Because most of the tools to discover credit card data in file systems does no more that list the suspicious files, tools are needed to mask any data in files that must be retained.
For excel files, where loads of credit card data may exist, I figure a macro that detects credit card data in the selected column/row using regex and replaces the middle 6-8 digits with Xs would be useful to many. Sadly, I'm not a guru in the regex macro space.
The below basically works with regex for 3 card brands only, and works if the PAN is in a cell with other data (e.g. comments fields)
The below code works, but could be improved.
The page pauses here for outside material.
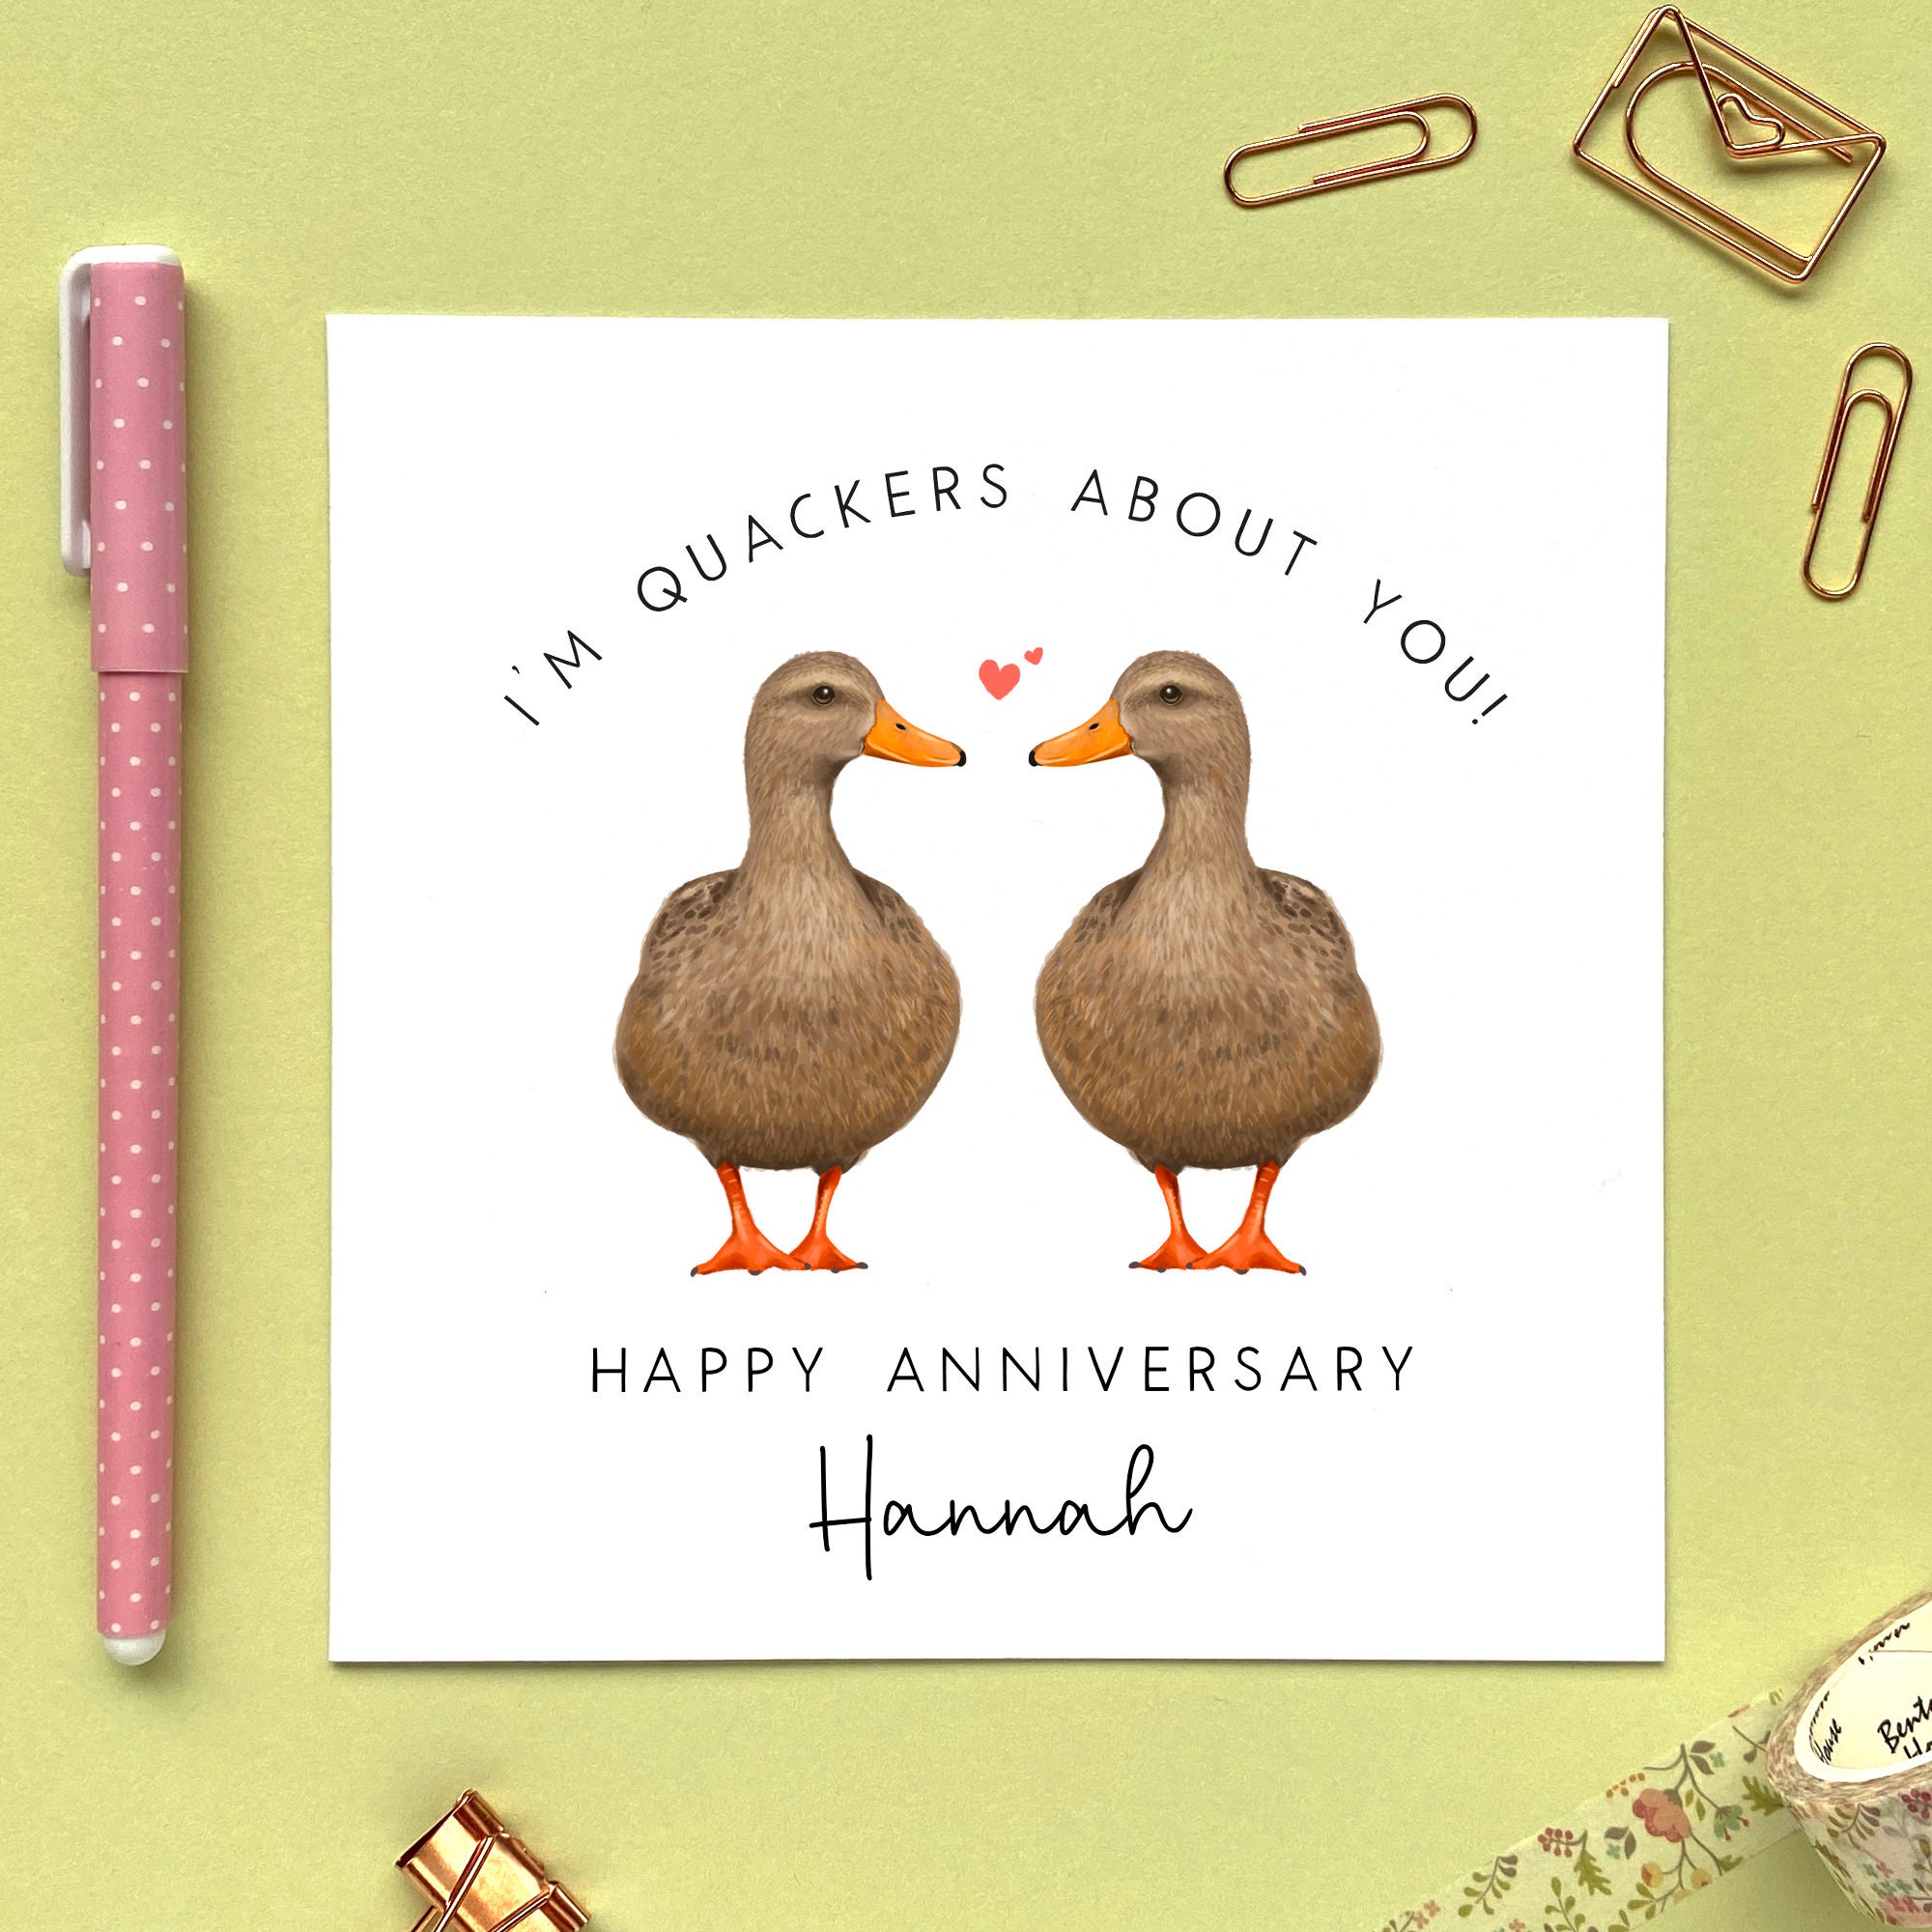 Miniature Duck Gifts, Quackers About You, Anniversary Husband Wife

It would be good to improve the regex to make it work for more/all card brands and reduce false-positives by including a LUHN algorithm check.
Improvements/Problems remaining :
Here's what I have so far which seems to be working ok for AmEx, Visa and Mastercard:
Sub PCI_mask_card_numbers()
' Written to mask credit card numbers in excel files in accordance with PCI DSS.
' Highlight the credit card data in the Excel sheet, then run this macro.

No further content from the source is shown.